WHAT YOU NEED TO DO ->
The lines to retype run from the one containing "крестьянин - ты" through the end of the listing below. Reproduce them exactly, leaving out pictures.

DATASET SECTION ->
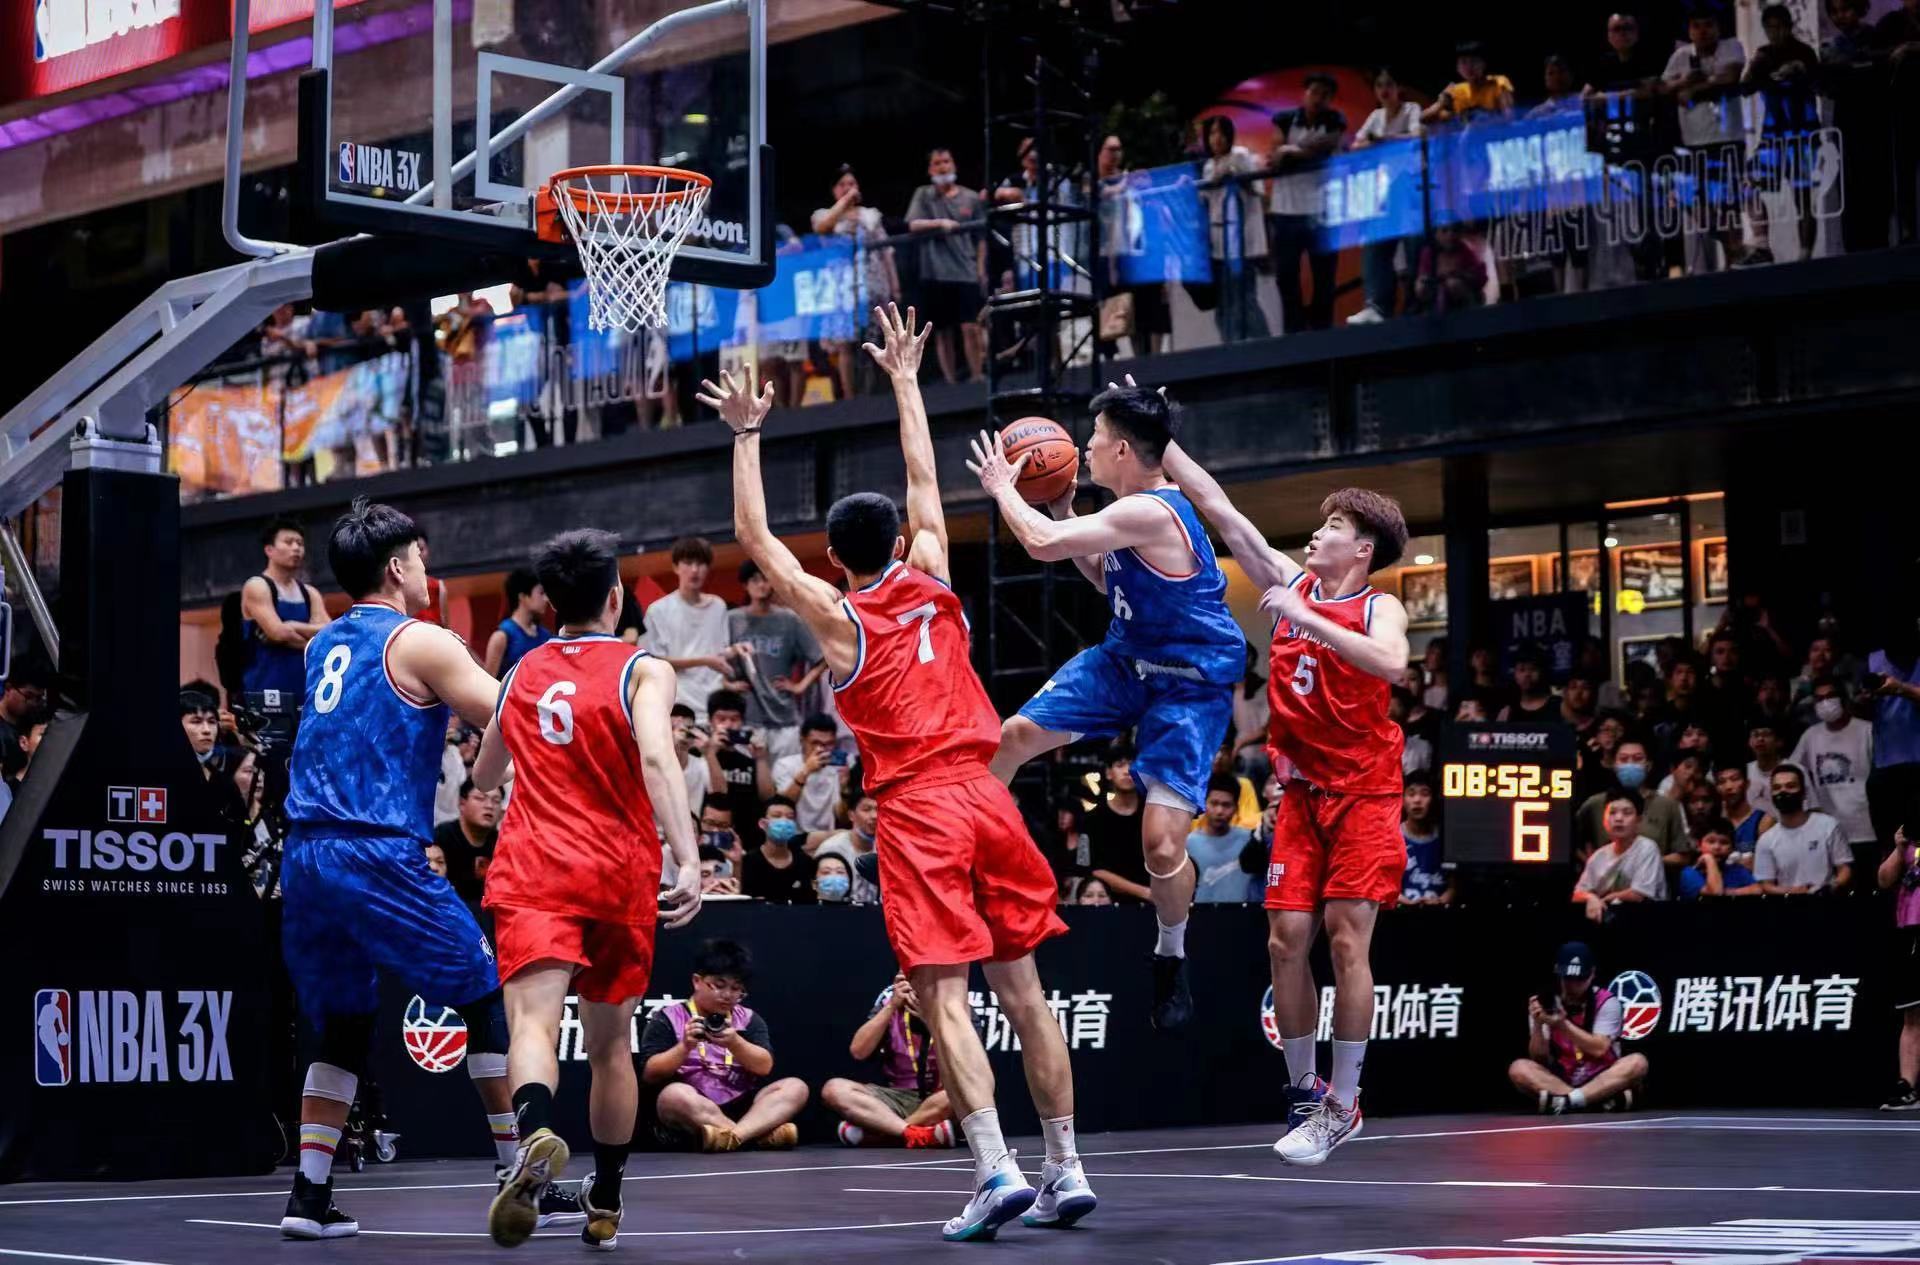 NBA中国希望把比赛变成贯穿数月且全国全民参与的篮球狂欢，让更多朋友感受篮球的魅力。
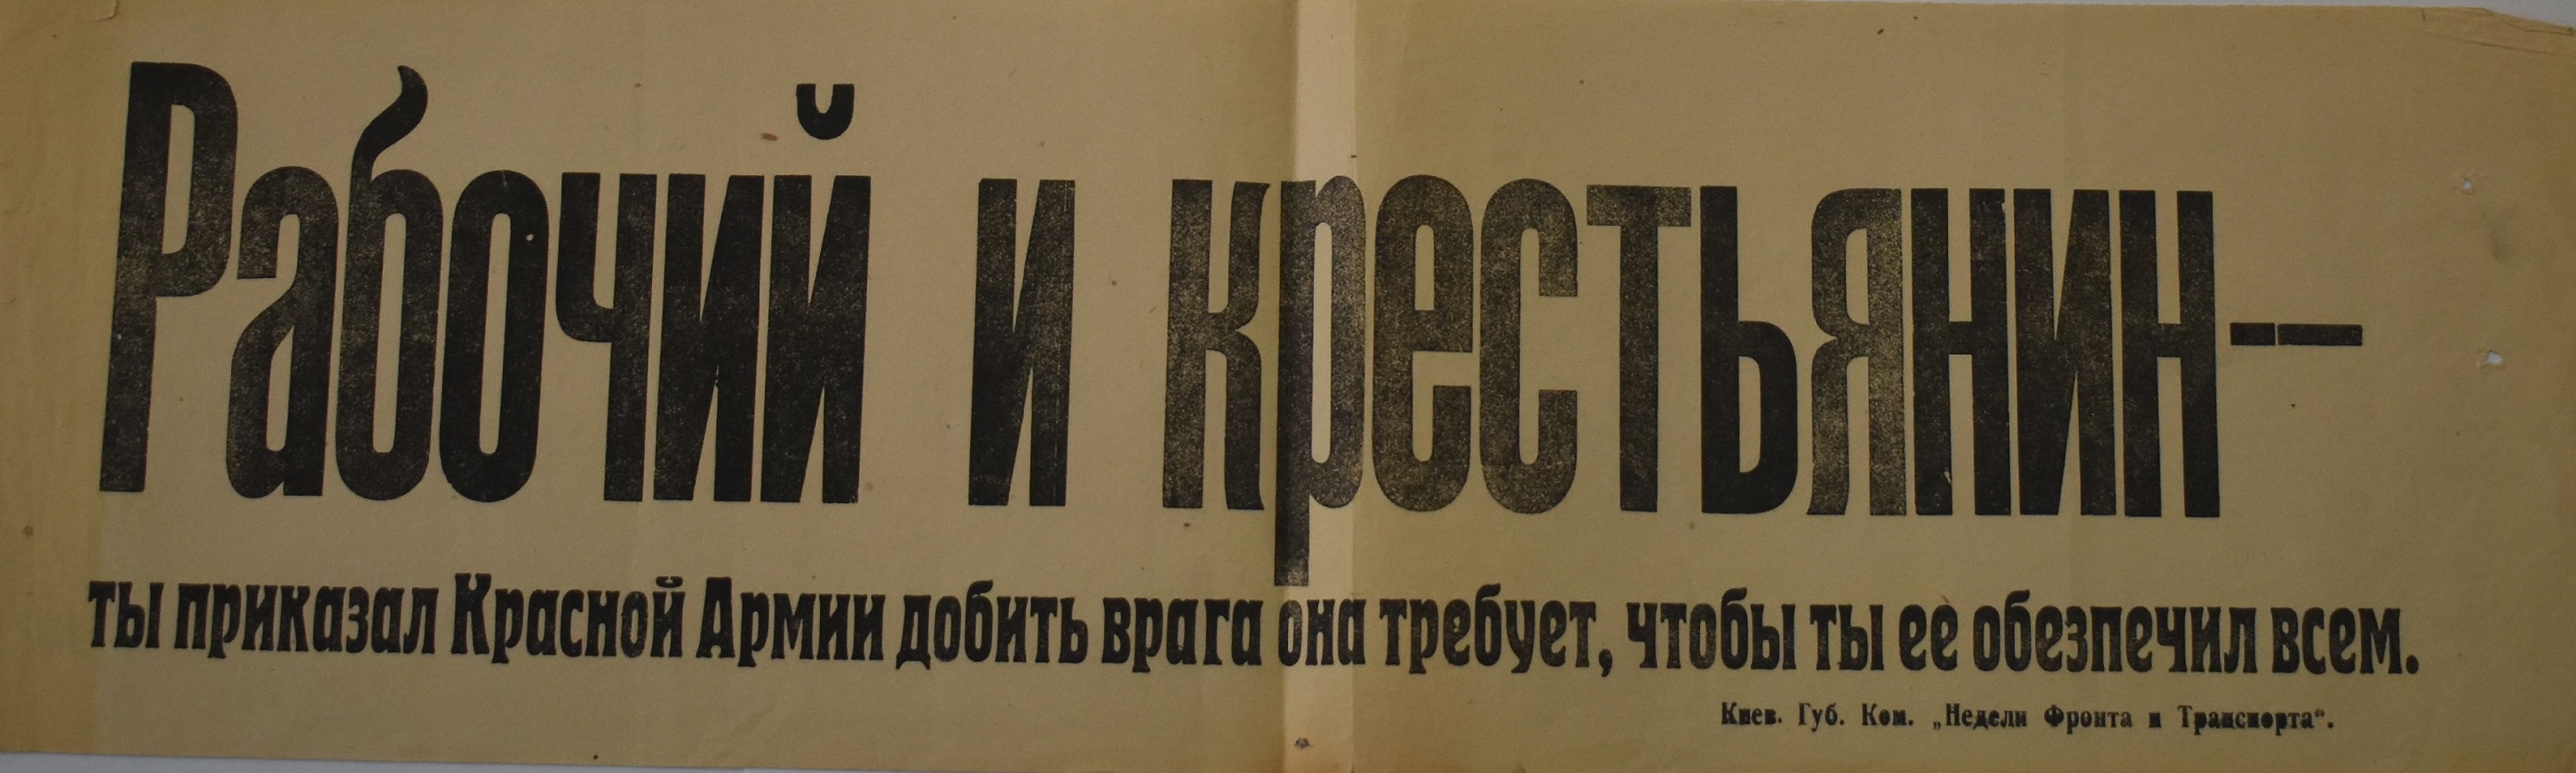 Листівка-лозунг "Рабочий и крестьянин - ты приказал Красной Армии добить врага она требует, чтобы ты ее обеспечил всем"
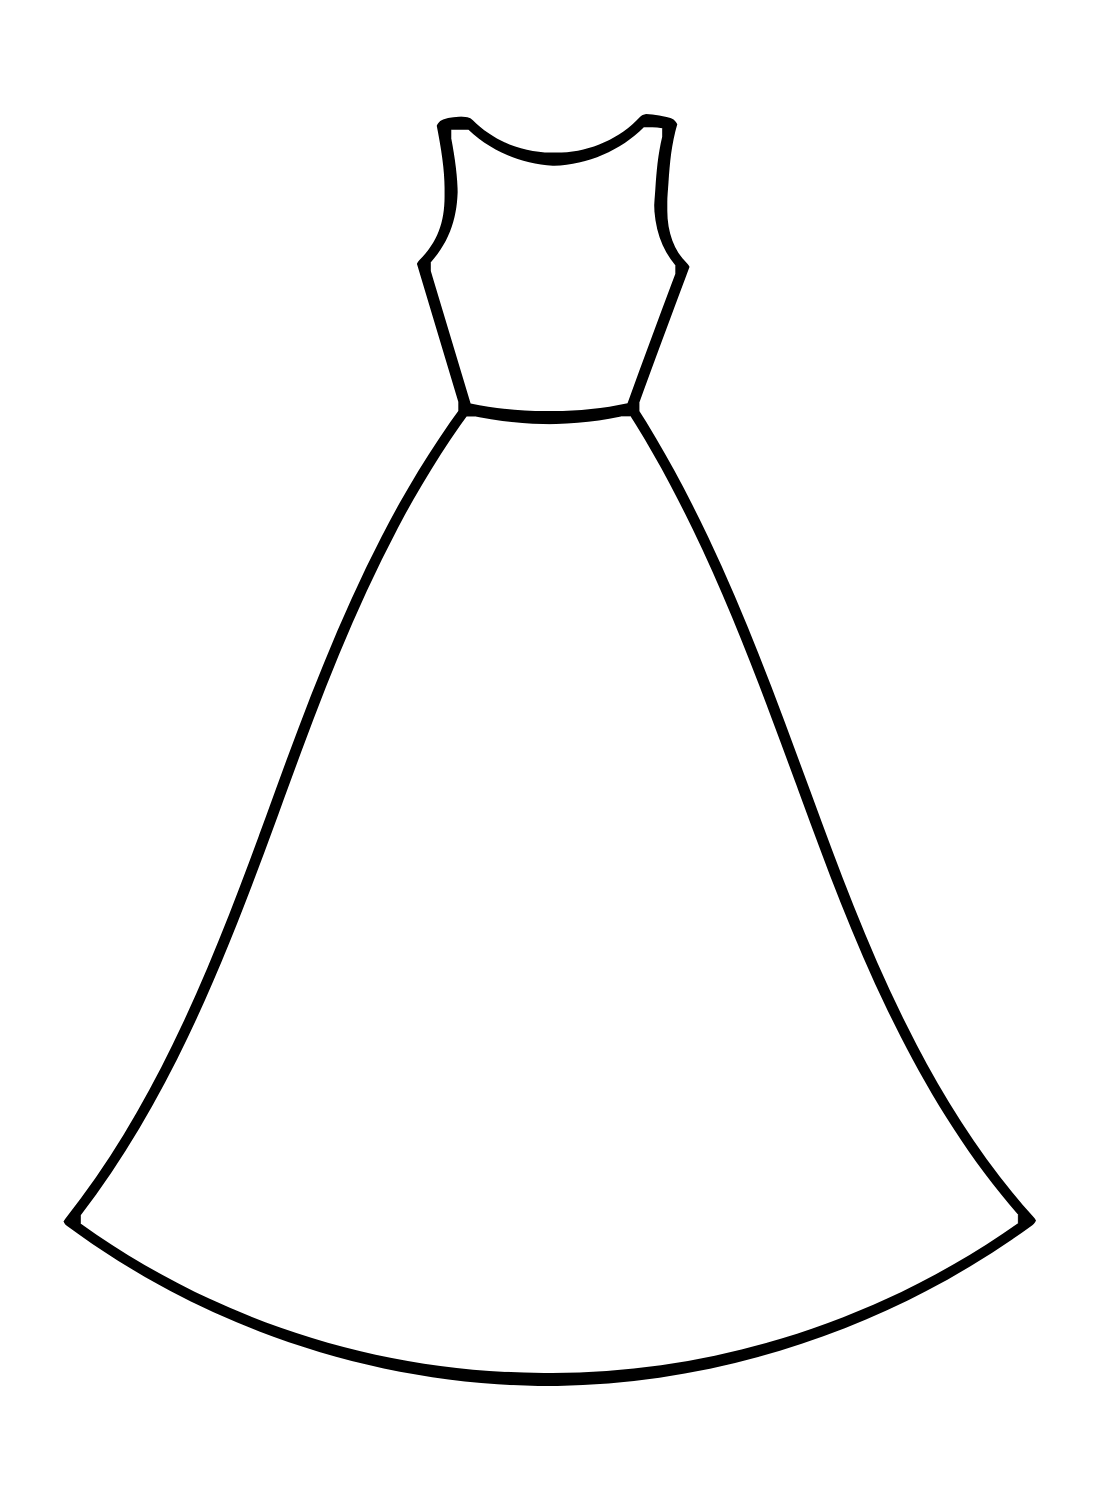 تلوين رسمة فستان الزفاف

ANSWER ->
 Листівка-лозунг "Рабочий и крестьянин - ты приказал Красной Армии добить врага она требует, чтобы ты ее обеспечил всем"
 تلوين رسمة فستان الزفاف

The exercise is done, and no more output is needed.